4. A compound of formula I according to claim 1, selected from the following compounds:

5. a process for the preparation of a compound of formula I according to claim 1, which reaction scheme is as follows:

wherein R and n are as defined in claim 1;

the specific reaction steps are as follows:

the method comprises the following steps: aniline and hydrochloric acid are added to a reaction vessel, and a sodium nitrite solution is added dropwise to the solution. Carrying out suction filtration after reacting for 1 hour, dropwise adding the filtrate into a sodium sulfite solution, reacting for 2 hours at 80 ℃, dropwise adding concentrated hydrochloric acid, reacting for 2 hours at 95 ℃, standing at normal temperature overnight, and separating out phenylhydrazine hydrochloride solid;

step two: sequentially adding phenylhydrazine hydrochloride, 4-chloro-1-hydroxy-butane sodium sulfonate, ethanol and water into a reaction vessel, adjusting the pH value of the solution to 6-7, and reacting for 6 hours at 75 ℃; distilling under reduced pressure to remove ethanol and part of water, washing the residual solution with dichloromethane, adjusting the pH value to 8-10, washing with chloroform, and cooling in a refrigerator at 4 ℃ overnight to separate out tryptamine hydrochloride solid;

step three: sequentially adding salicylic acid derivative, 1-ethyl- (3-dimethylaminopropyl) carbodiimide hydrochloride, 1-hydroxybenzotriazole and acetone into a reaction vessel, and stirring at normal temperature for 2 hours; adding the tryptamine hydrochloride obtained in the step two and anhydrous potassium carbonate, and stirring at normal temperature until the reaction is complete; purifying by column chromatography to obtain the compound shown in formula I.

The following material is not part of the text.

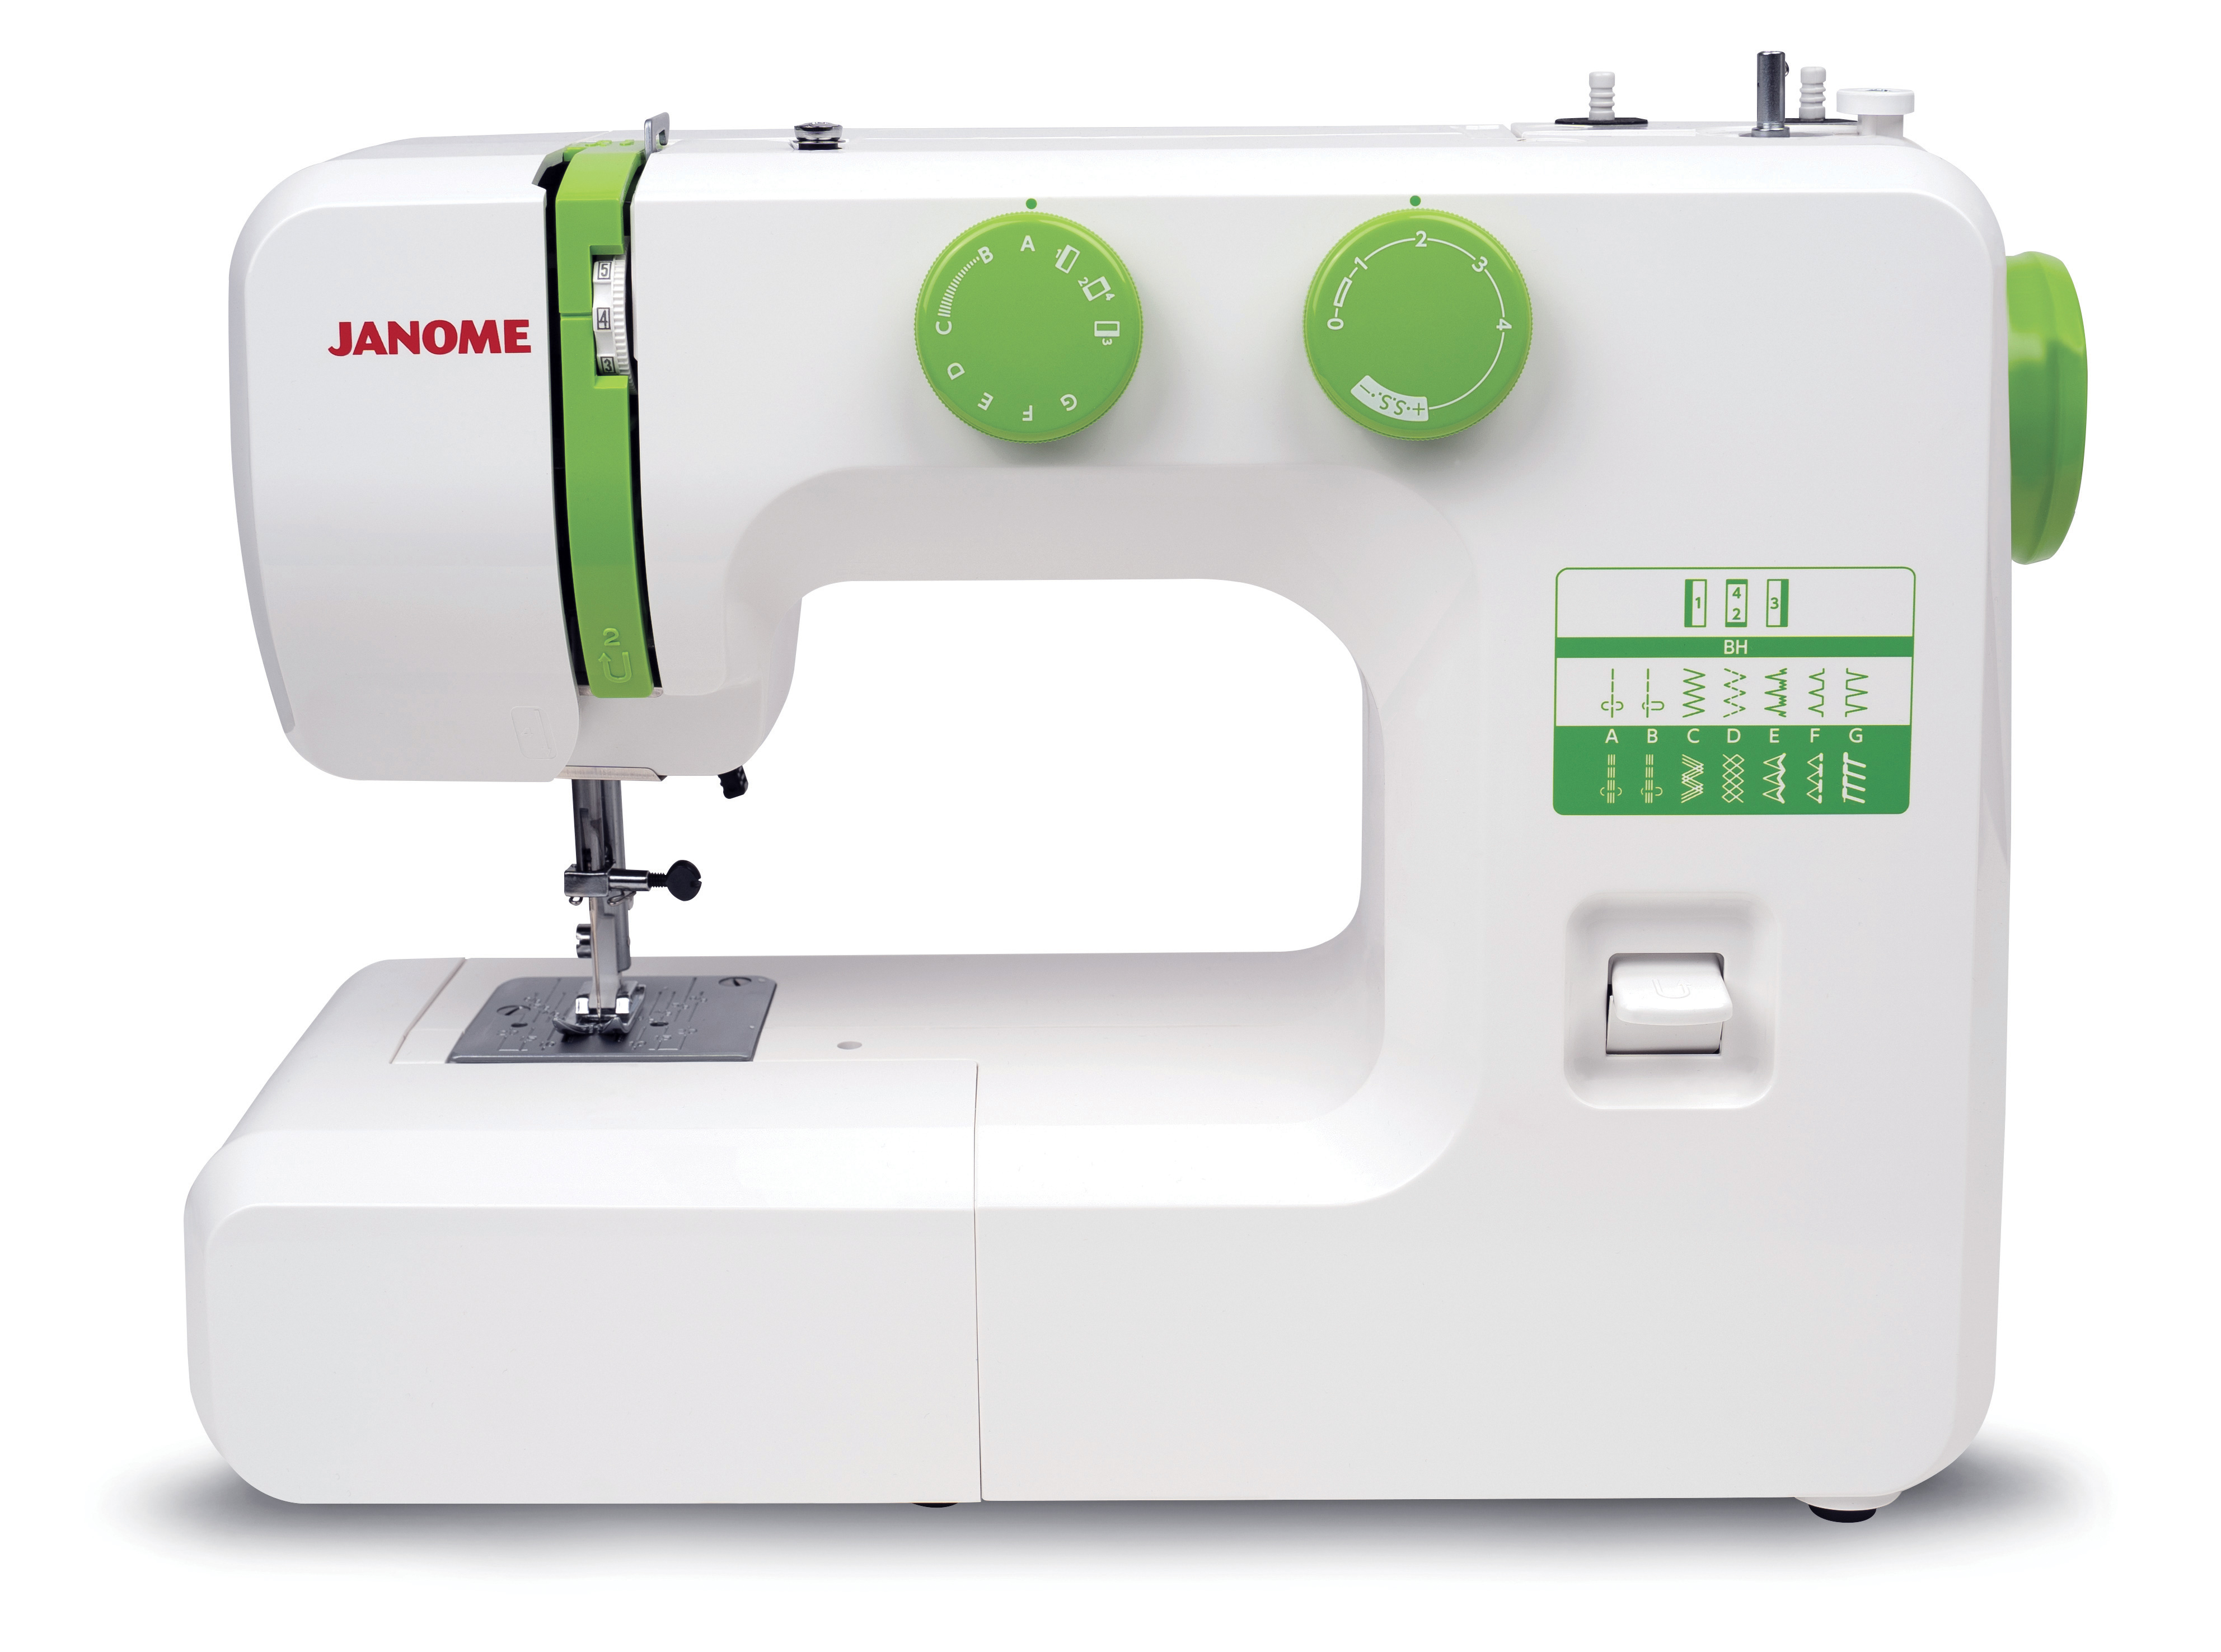 Janome Sewist 725S High Quality Beginner Sewing Machine

6. The method of claim 5, wherein:

the molar ratio of the aniline to the sodium nitrite to the sodium sulfite in the first step is 1:1-1.5: 2-4.5;

the molar ratio of the phenylhydrazine hydrochloride in the step II to the sodium 4-chloro-1-hydroxy-butane sulfonate is 1: 1-1.5;

and step three, the molar ratio of the salicylic acid derivative, the 1-ethyl- (3-dimethylaminopropyl) carbodiimide hydrochloride, the 1-hydroxybenzotriazole and the tryptamine hydrochloride is 1:1-2:1-2: 0.5-1.5.

7. The method of claim 6, wherein:

the molar ratio of the aniline, the sodium nitrite and the sodium sulfite in the first step is 1:1.05: 3;

the molar ratio of the phenylhydrazine hydrochloride in the step II to the sodium 4-chloro-1-hydroxy-butane sulfonate is 1: 1-1.2;

and step three, the molar ratio of the salicylic acid derivative, the 1-ethyl- (3-dimethylaminopropyl) carbodiimide hydrochloride, the 1-hydroxybenzotriazole and the tryptamine hydrochloride is 1:1-1.5:1-1.5: 0.8-1.2.

8. A pharmaceutical composition comprising a compound of formula I as shown in any one of claims 1 to 4 or a pharmaceutically acceptable salt thereof, and a pharmaceutically acceptable carrier or excipient.

9. Use of a compound according to any one of claims 1 to 4 or a pharmaceutical composition according to claim 8 for the manufacture of a medicament for the treatment of gastric cancer.

10. The use of claim 9, wherein the medicament selectively inhibits gastric cancer MGC-803 cell line.